What other big ticket item will gold buy if and when SHTF?

More important...How do you plan to break your gold down into small change?


----------



## Emerald (Jun 14, 2010)

Me myself I am not gonna waste my time hoarding gold for after the SHTF world-I got some mean skills that will probably come in handy. Plus in my area-fishhook just might be worth more!
*BUT If I was gonna get some gold* I would try buying nice big link stamped necklace gold-just think you get the chain with the stamped type of gold it is on it and then take off and barter with individual links like they used to in the old days.
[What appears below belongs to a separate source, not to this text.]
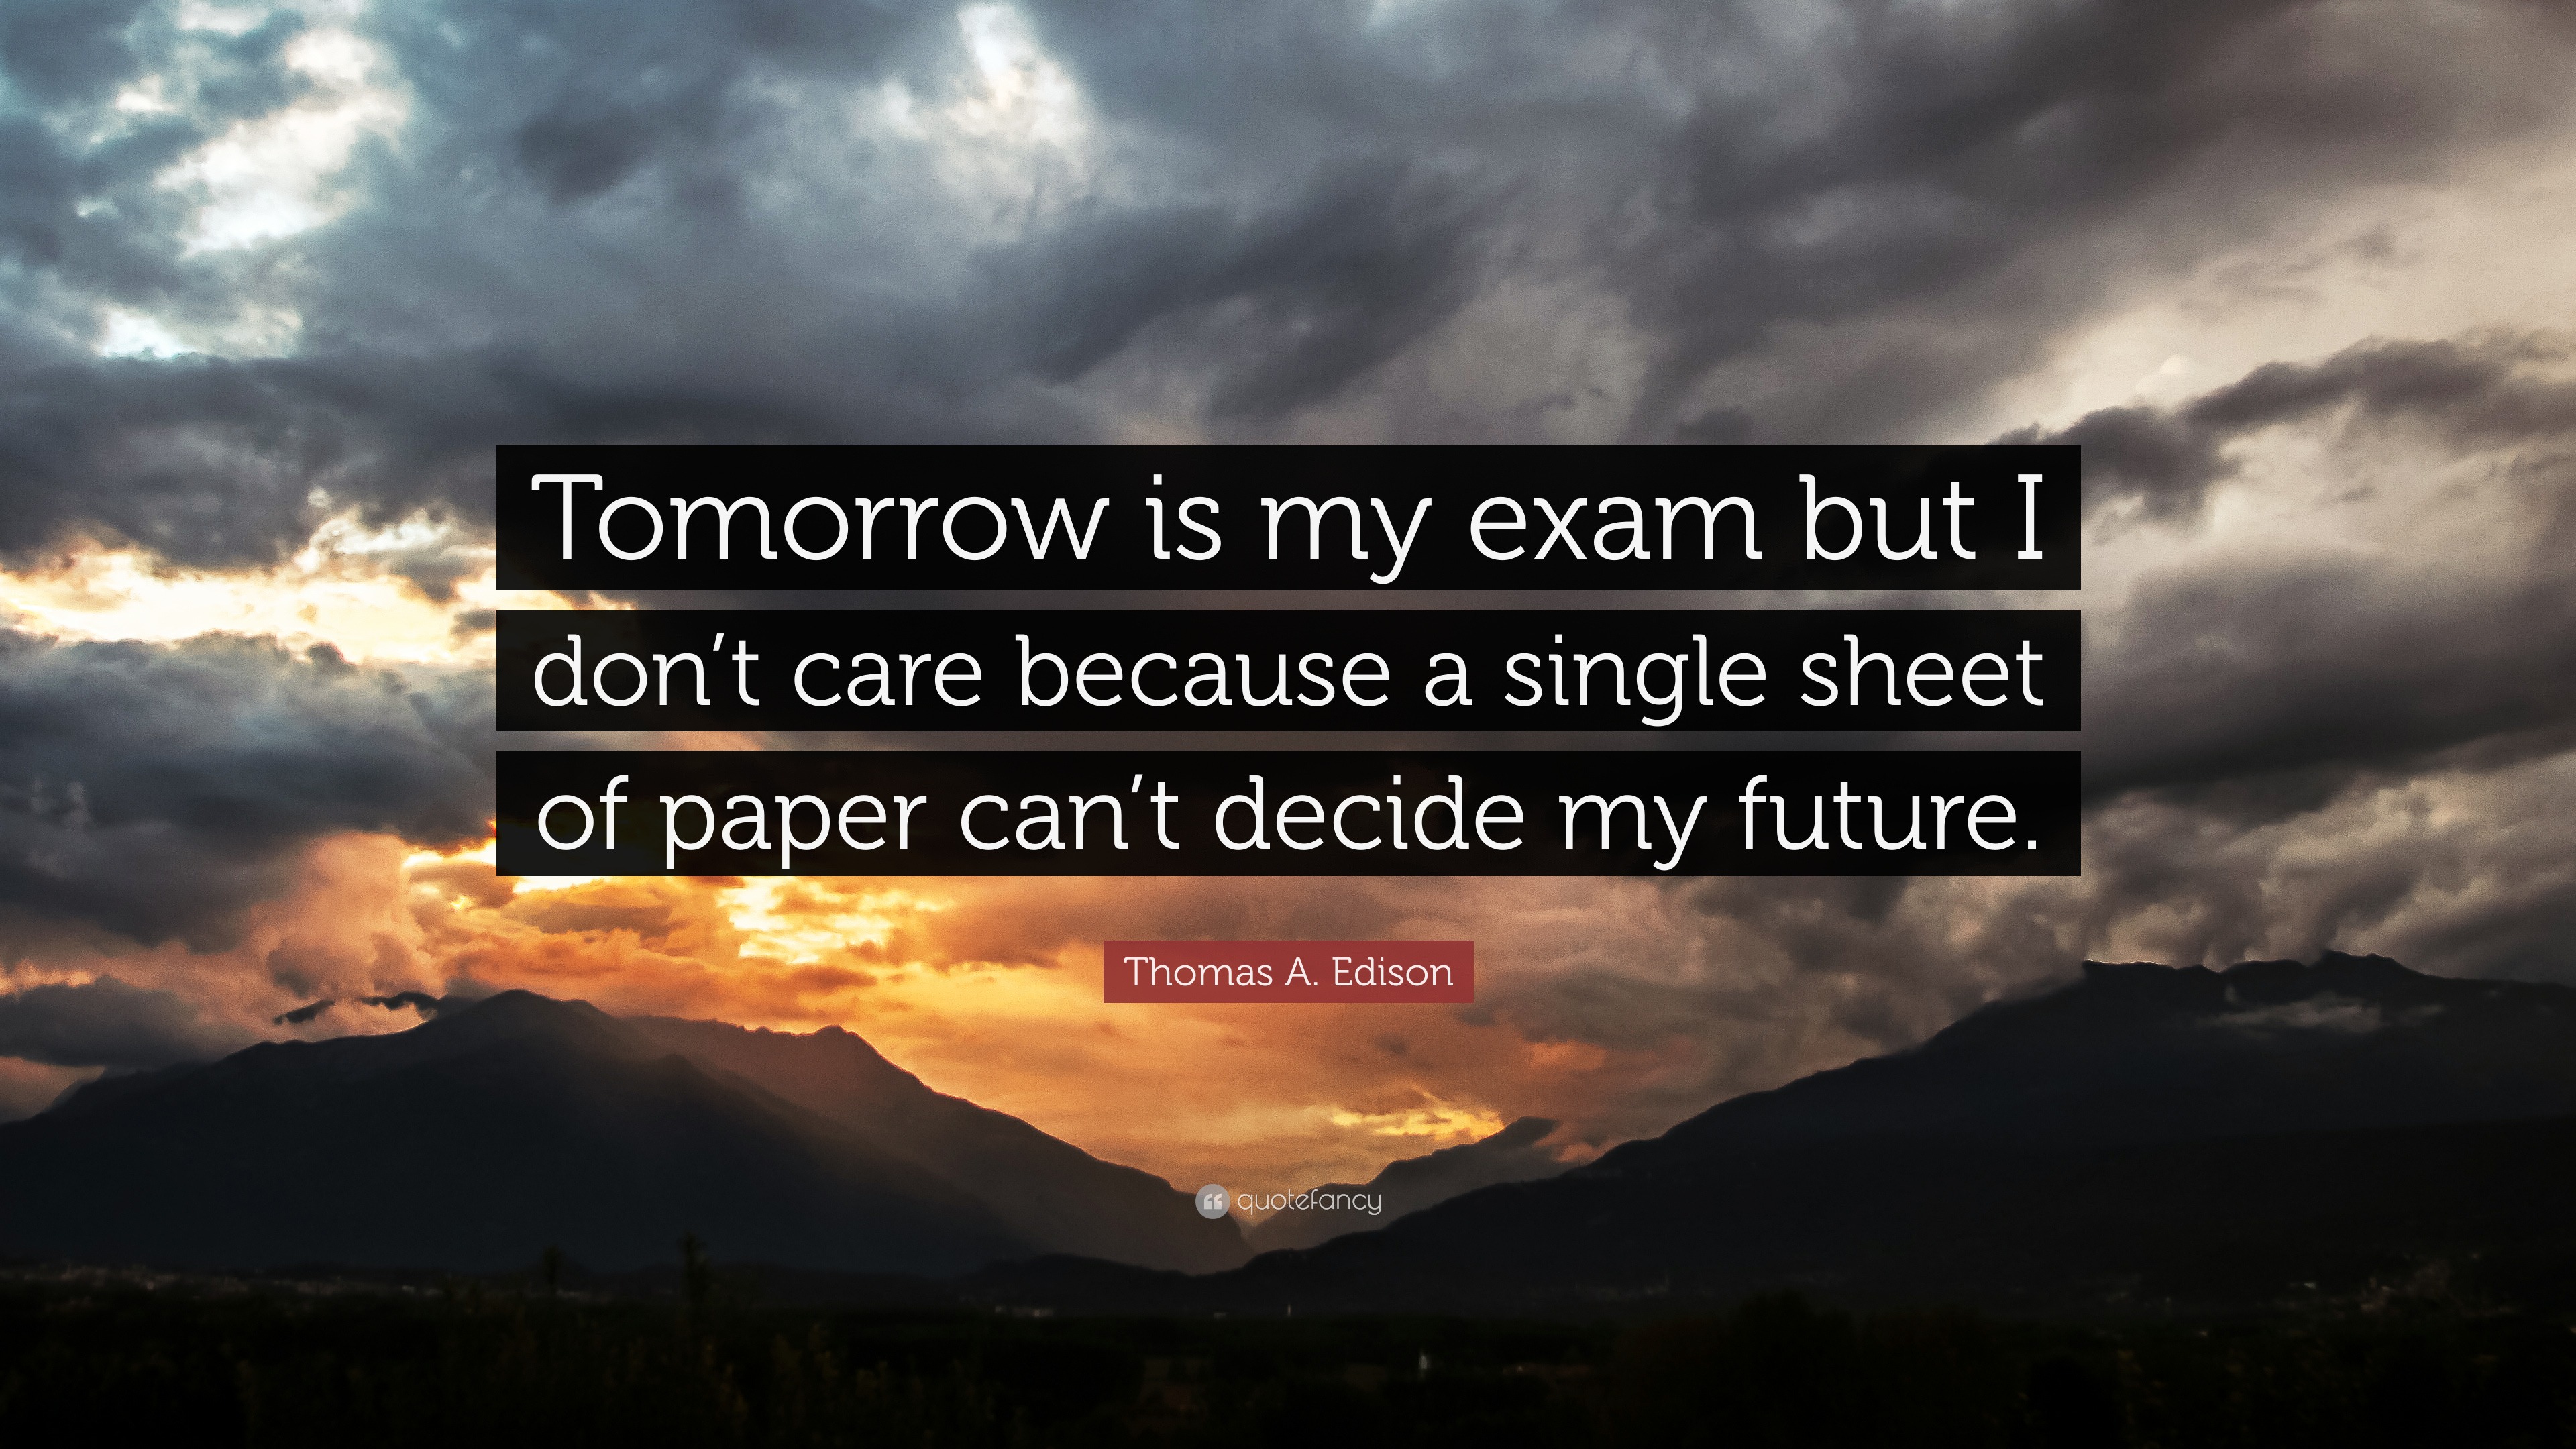 Thomas A. Edison Quote: “Tomorrow is my exam but I don’t care because a

The big heavy link chains of gold that are being found in shipwrecks off the Florida coast were not just for looking pretty they were used as currency- I'm sure that most folks who are gonna be into using gold as currency will have scales and be able to know how many links are worth how much. But if you have them made to order-get them to stamp each big link on the inside or keep the end with the stamp mark and then sell off the other end.


----------



## UncleJoe (Jan 11, 2009)

Emerald said:


> Me myself I am not gonna waste my time hoarding gold for after the SHTF world-I got some mean skills that will probably come in handy


:2thumb: :beercheer:


----------



## Diego2112 (Aug 18, 2010)

As far as bartering, I'm stocking up on ammo and tobacco, in addition to the fact that I'm a pretty decent hand at building houses/waterwheels, etc, and should be getting some "oldschool" smithing under my belt here SOON.

As far as GOLD coins, easy man, easy. Cut 'em into eight pieces of, ya know?  I KNEW I would have to bring this up one day, Pirates had the right idea, SCREW NINJAS! :2thumb:

But seriously, if you buy gold coins (I cannot say "gold coins" without thinking of SNLs Scrooge McDuck skit!), cut 'em into fractions for smaller purchases, or like Emerald said, get a necklace/chain/something.
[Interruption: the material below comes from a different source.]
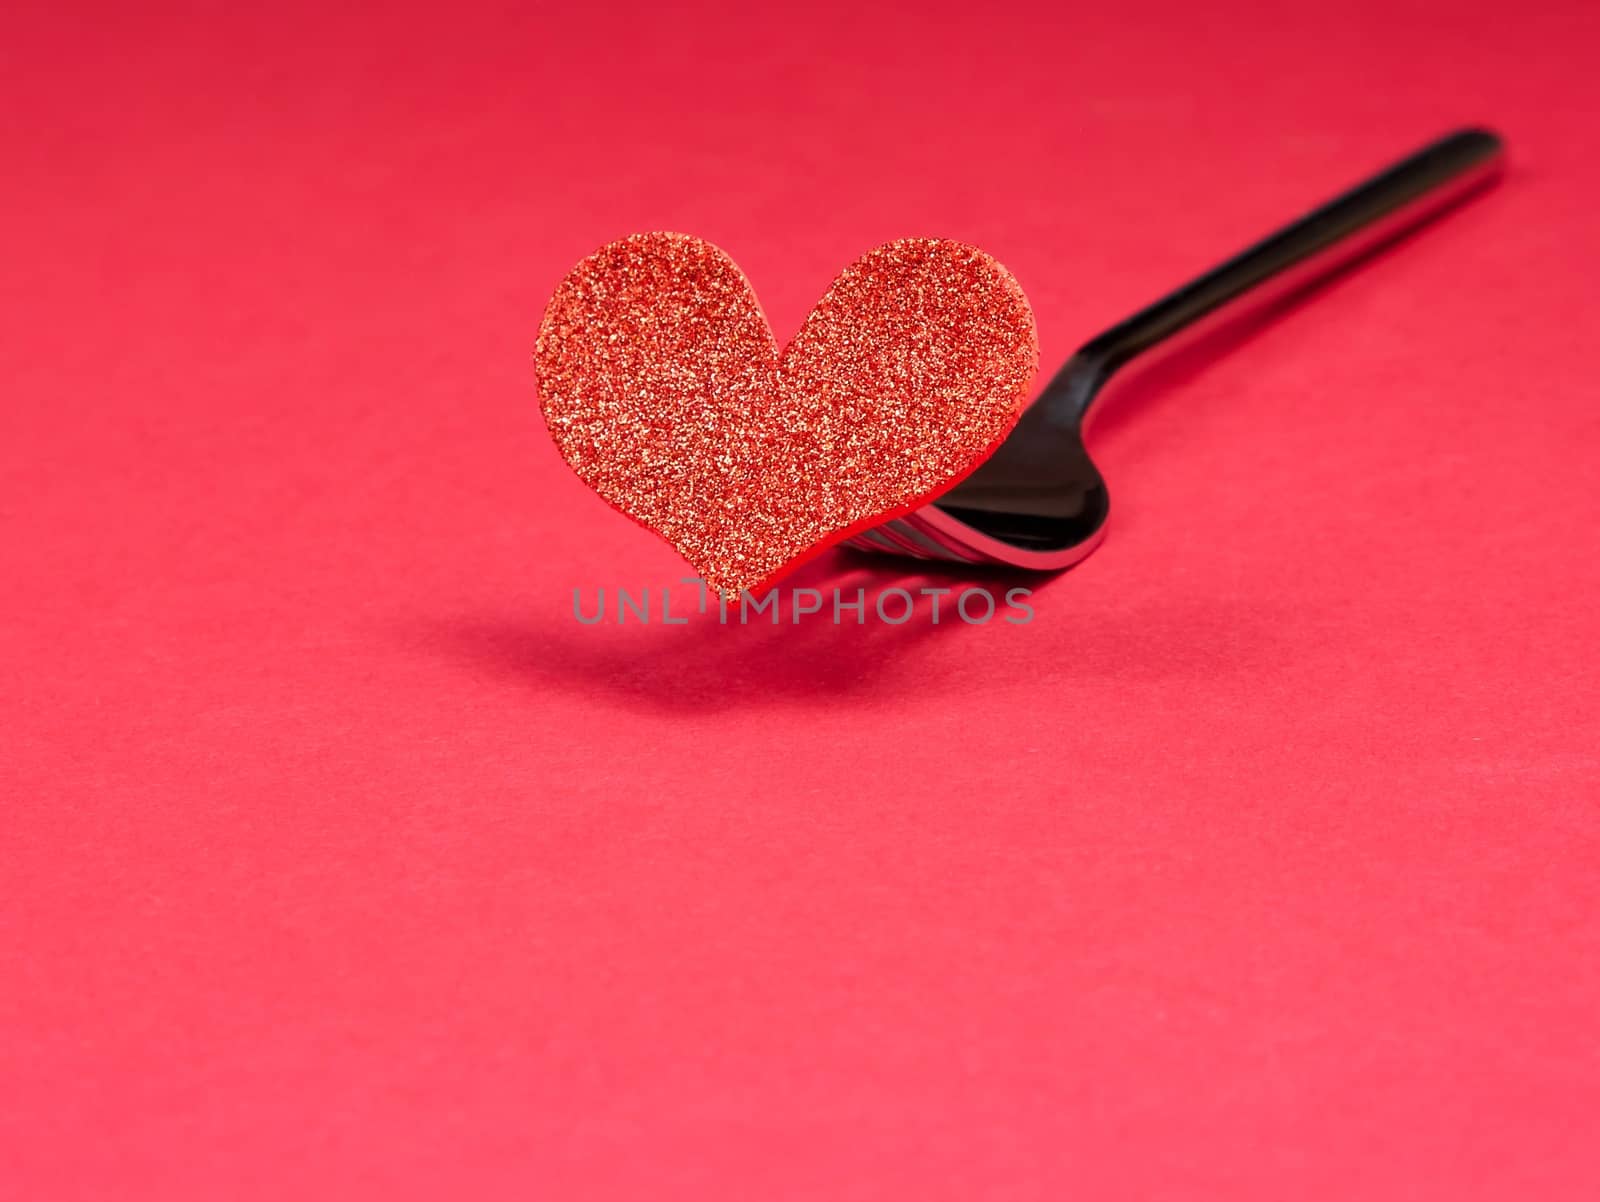 decorative red heart near a fork on red background with space for text, concept valentine day dinner

Really though, in MY area, gold'll get you nowhere FAST. Yeah, it's got vaule right now, but really, when :shtf:, who wants MONEY? The preppers I know want food, ammo, and good old toby! The ONE prepper I DO know that's stocking precious metal is doing Silver Bullion coins. Cheaper than gold, and will be more effective in the long run for smaller purchases.


----------



## Jerry D Young (Jan 28, 2009)

I plan on using 1/10 ounce Gold Eagles for the medium stuff. In your example, with gold @ $4,000 per ounce that's about $400.00 dollars. If that isn't close enough, 1 ounce Silver Eagles (in your example $100.00). To break it down further, pre-1965 silver quarters for appx $18.00 (0.18oz) and then dimes (0.072oz)for appx $7.20 each.

Then, if I could get others to go with it, one dollar coins still a dollar. If not, some small things for the final small change, such as .22LR rounds, peppermint or butterscotch candies.

Just my thoughts on the matter.


----------



## Sourdough (May 22, 2010)

My property is full of GOLD, so if I need a set amount I just go rake it up, and leave the rest.


----------



## kyhoti (Nov 16, 2008)

Speaking of "making change" with PM's, is a small postal scale accurate enough to give good weights on Ag/Au? I have a crap-ton of marked sterling rings (.925) that weigh near two 25-cent pieces ( i used to wear alot of rings in my youth); would the .925 stamp be trusted for PM content (or the 14K on gold for that matter?) I liken it to the Viking money-jewelry commonly known as "hack-silver"; it's not the best way to have PMs, but it's what I already have.


----------